Он звонил в два часа ночи. Я еле его успокоил.)
Я бреюсь, посматривая в зеркало на свою полуседую щетину: когда я небрит, щетина меня старит. Звонит телефон, я знаю, что это отец, и не спешу, так как он звонит теперь каждый день. Трель звонка становится уже нервной, я откладываю бритву в сторону, отхожу от зеркала – но звонит не мой постаревший отец, звонит моя дочь: «Папа!.. Папа, да что ты не берешь трубку? Ты что – не слышишь, я вся изнервничалась!..» – оказывается, я нужен. Оказывается, ее школьный приятель, парнишка Витя, попал в бытовую неприятность (что-то там с получением паспорта), дело обострилось взаимно-грубым разговором в отделении милиции, так что необходимо теперь его, молодого и горячего Витю, как-то выручать – паспорт – это паспорт.
– Папа, я жду – я вся на нерве! – В ее голосе слезы.

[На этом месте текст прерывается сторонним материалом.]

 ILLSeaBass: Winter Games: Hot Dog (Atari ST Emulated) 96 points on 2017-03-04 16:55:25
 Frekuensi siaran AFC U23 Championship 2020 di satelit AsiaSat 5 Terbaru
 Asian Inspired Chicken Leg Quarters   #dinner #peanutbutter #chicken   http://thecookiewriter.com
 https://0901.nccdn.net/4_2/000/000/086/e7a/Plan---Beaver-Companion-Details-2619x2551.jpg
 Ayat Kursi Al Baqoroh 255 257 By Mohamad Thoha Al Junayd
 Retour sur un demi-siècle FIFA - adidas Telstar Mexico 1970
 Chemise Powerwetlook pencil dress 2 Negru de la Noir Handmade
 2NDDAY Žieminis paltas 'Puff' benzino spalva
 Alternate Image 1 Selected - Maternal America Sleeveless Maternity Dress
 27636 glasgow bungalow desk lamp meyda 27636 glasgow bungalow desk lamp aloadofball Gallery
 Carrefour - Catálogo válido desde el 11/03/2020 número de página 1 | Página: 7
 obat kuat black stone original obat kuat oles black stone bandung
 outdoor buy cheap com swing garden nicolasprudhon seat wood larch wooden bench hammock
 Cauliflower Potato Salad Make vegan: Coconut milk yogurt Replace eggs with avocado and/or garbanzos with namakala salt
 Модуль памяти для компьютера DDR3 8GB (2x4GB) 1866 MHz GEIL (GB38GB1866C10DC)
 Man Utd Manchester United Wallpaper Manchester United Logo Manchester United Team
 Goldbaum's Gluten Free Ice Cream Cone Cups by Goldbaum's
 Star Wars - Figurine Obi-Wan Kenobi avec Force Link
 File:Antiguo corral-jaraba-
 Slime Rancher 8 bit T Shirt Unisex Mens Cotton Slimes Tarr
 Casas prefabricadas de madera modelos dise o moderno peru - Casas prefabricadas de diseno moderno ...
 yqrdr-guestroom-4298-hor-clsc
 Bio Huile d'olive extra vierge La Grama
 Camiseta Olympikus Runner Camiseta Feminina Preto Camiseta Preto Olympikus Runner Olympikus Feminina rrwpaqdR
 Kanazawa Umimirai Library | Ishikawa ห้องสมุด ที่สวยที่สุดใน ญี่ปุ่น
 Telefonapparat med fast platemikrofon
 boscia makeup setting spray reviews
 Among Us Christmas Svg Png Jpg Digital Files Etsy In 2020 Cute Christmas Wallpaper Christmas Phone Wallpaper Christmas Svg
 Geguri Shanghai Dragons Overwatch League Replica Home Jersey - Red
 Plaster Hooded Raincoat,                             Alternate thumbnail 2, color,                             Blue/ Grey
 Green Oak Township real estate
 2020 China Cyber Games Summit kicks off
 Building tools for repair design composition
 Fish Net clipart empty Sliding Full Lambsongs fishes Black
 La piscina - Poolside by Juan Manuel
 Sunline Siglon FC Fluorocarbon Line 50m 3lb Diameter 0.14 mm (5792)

Я вновь бреюсь; притом что впускаю в себя появившуюся небольшую, а все же заботу. Звонок отца (из поколения до меня) и звонок дочери (из поколения после), накатываясь, встречными волнами они гасят друг друга. Но на какую-то секунду обе трели звучат в моих ушах одновременно, совпав и замкнувшись на моем «я», словно бы даты превыше заключенной меж ними жизни и потому затмевают, и словно бы «я» и есть простенькое замыкание двух взаимовстречных сигналов прошлого и будущего.
Представил себе, как он (встав с постели) идет звонить мне среди ночи, и раздражение мое сразу схлынуло. Телефон-автомат в двухстах шагах от дома – недалеко; но ведь надо одеться, надо соразмериться с погодой, надо решать, выпить ли чаю и после идти звонить или идти сразу, впопыхах, пока сон горяч и бьет, колотит в сердце, а сердце ухает, скачет, никак не попадает в норму, – после чаю, кто знает, идти расхочется и двести шагов уже покажутся долгими. Да, да, если идти сразу, то не надо преодолевать смущение и неловкость ночного звонка – впопыхах все можно.
Он берет спички, надо их не забыть. Номер он помнит, но ведь надо видеть, крутить диск, когда в телефонной будке темно. Немножко со спичками, немножко на ощупь, так он и набирает мой номер.
Старый уже, согнутый, вот он стоит в телефонной будке пригорода (в будке нечисто и запахи) – вот вспыхнула там и быстро прогорела спичка. Вокруг ночь. Человек стоит и, бросив пятнадцать копеек, тихо, внимательно крутит диск. Этот старый человек – мой отец.